Dziewczyna próbowała zająć się czymś i nie słuchać ich rozmowy. To było nie na miejscu. 

- Przyszedłem po kawę i jak widzę zastałem ciebie. Jesteś tu niepotrzebny. Idź stąd.

James prychnął zakładając ręce na piersiach.

- Nie będziesz mi mówił gdzie mam być w moim własnym domu, jasne?

Antonia wyczuła przepaść między synem, a ojcem. Z niewiadomych jej przyczyn nie pałali do siebie miłością, a powinni.

- Twoja matka cię woła. - Jack całkowicie zmienił temat, wyprostował swoją posturę. - Chyba jest na zewnątrz.

James po krótkim milczeniu wyszedł z pomieszczenia zostawiając ich samych. Jack nie tracąc czasu od razu podszedł do dziewczyny. 

- Nic ci nie zrobił? Czasami jest nachalny, gdy zobaczy piękną kobietę.

Skręciło ją w żołądku. Chcąc lub nie mężczyzna obok właśnie powiedział, co sądzi o jej urodzie. Nie wiedziała jak powinna zareagować, była zdesperowana, czuła, że jeśli teraz wejdzie Waleria i zobaczy swojego męża śliniącego się do niej nie będzie z nią dobrze. Dlatego, gdy chciał założyć jej pasmo włosów za ucho od razu odsunęła głowę.

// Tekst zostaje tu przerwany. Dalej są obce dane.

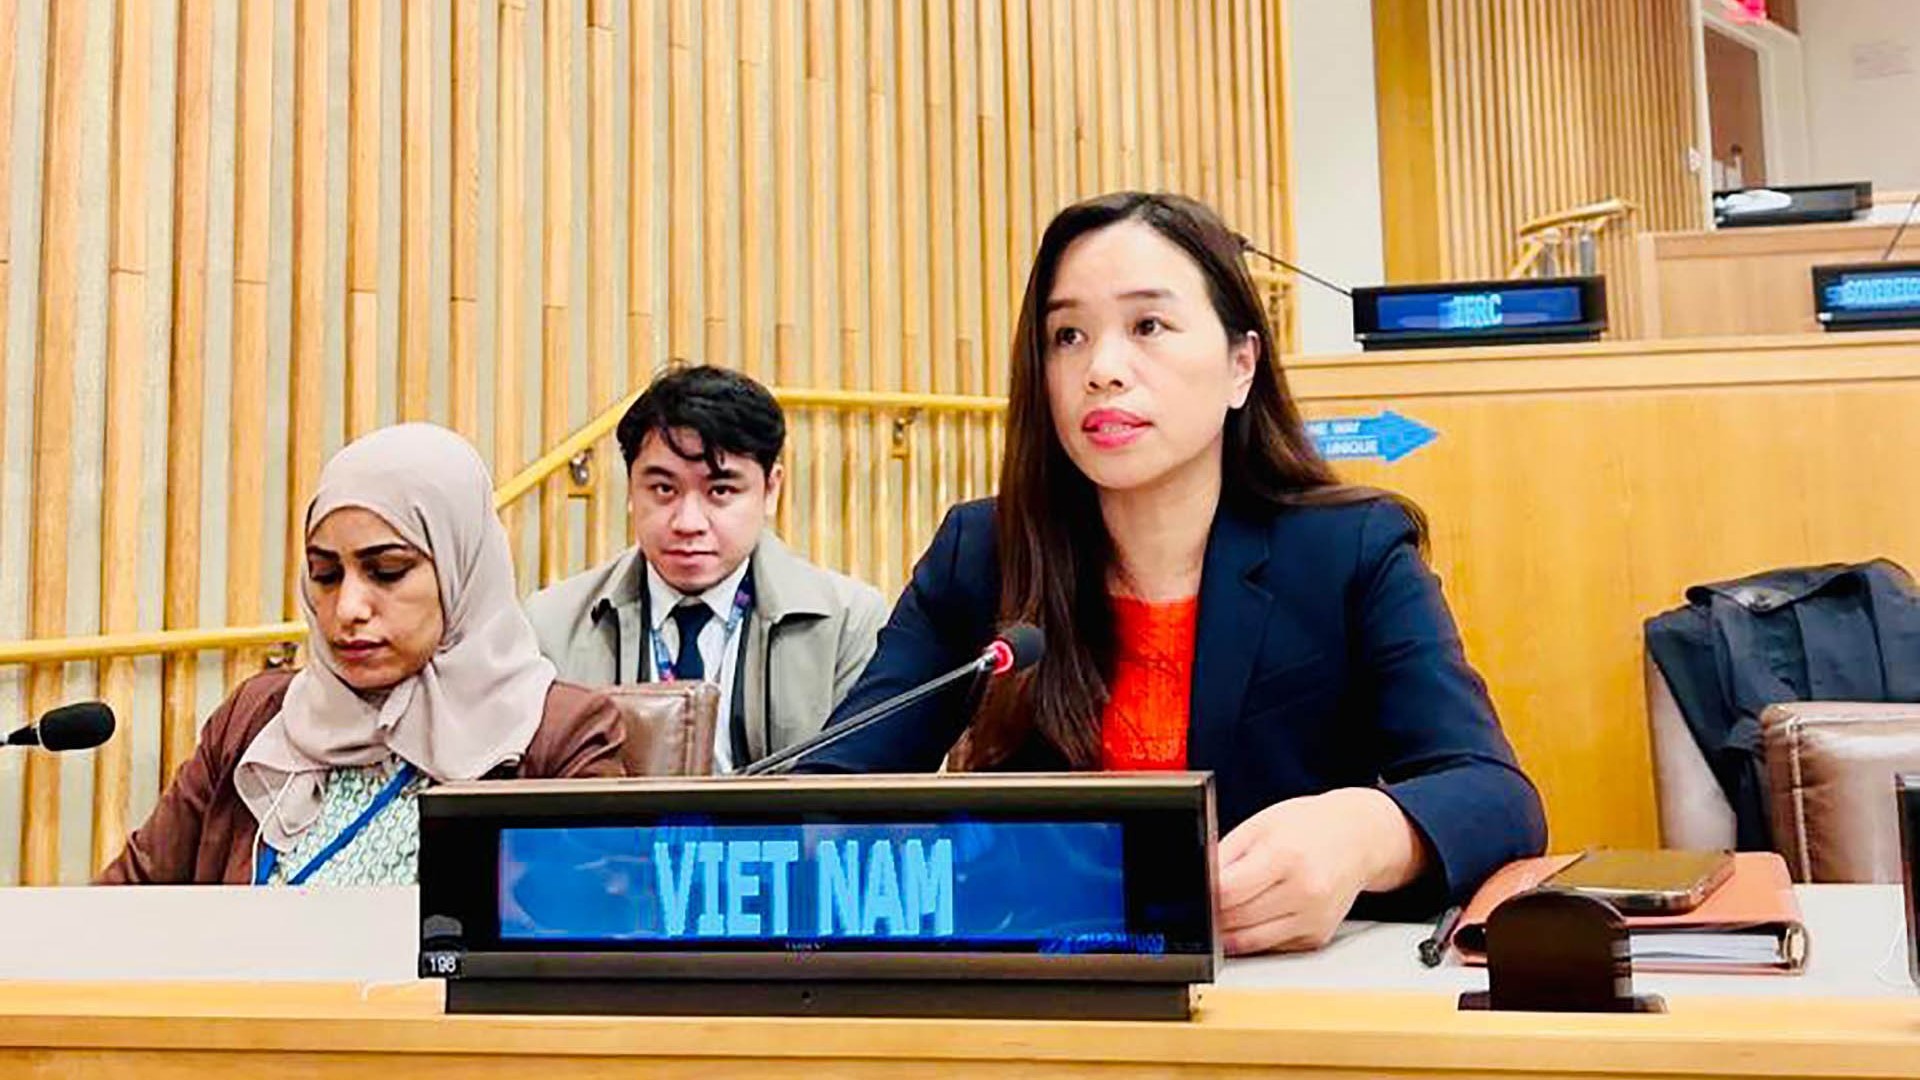 Gender equality always respected in Vietnam’s national policies

- Muszę wracać do pracy. Przepraszam.

Po czym spuściła głowę i wyszła z kuchni.

*

Waleria długo nie wychodziła ze swojej sypialni. Oczywiście było to zbawienie dla Antoni, jednak nie zmieniało to faktu, że musiała pracować. Tyle dobrego, że przynajmniej nikt nie darł się jej nad uchem. 

Tak jak kazano umyła wszystkie okna od wschodniej strony domu, wysprzątała altanę i kolejny raz zamiotła kostkę brukową wyłożoną na podwórku. Pozostało jej jeszcze umyć podłogi w domu i posprzątać naczynia po kolacji, później była już wolna i mogła odetchnąć w swoim małym pokoju w piwnicy. 

Westchnęła dociskając szmatę bardziej do płytek i myjąc je tak, że mogła się w nich przejrzeć. Zeszło jej dłużej niż oczekiwała. Ku jej zdziwieniu nikt się nie szwendał, po prostu siedzieli na górze u siebie, jedynie Zayn zajmował swoje stałe miejsce w salonie oglądając jakiś badziewny film.
Na czworaka przeszła kawałek i przykucnęła. 

- Nie będzie ci przeszkadzać, jeśli będę tu myła?

Spojrzał na nią od niechcenia. Włosy miała tłuste, potargane, a ubranie podarte i wygniecione. 
Wzruszył ramionami.

- Jeśli ci zależy.

Skinęła i już po chwili zaczęła czyścić panele w salonie. Nie był on mały i naprawdę się nad tym napracowała. W pewnym momencie do pomieszczenia wszedł Jack. Zbyt szybko pochwaliła dzień przed zachodem słońca. 

- Idź już się połóż Antonio, na pewno jesteś zmęczona. - usiadł lustrując jej ciało wzrokiem. Przykucnęła po raz drugi.

- Muszę to skończyć, proszę pana.

Skinął jedynie głową. I zamiast wlepić swoje oczy w telewizor przed sobą patrzył tylko na nią. Jak synchronicznie pracuje jej dłoń i tyłek...
Nagle wylał odrobinę kawy ze swojego kubka. Zayn spojrzał na niego zdezorientowany, a ten zaczął przepraszać cicho, prosząc, by to też posprzątała. Antonietta posłusznie nachyliła się i wytarła rozlany płyn. Jack odczuł satysfakcję, a przynajmniej to malowało mu się na twarzy. Zayn zmarszczył brwi i po prostu wyszedł, nie chciał wiedzieć, co wyobrażał sobie jego ojciec.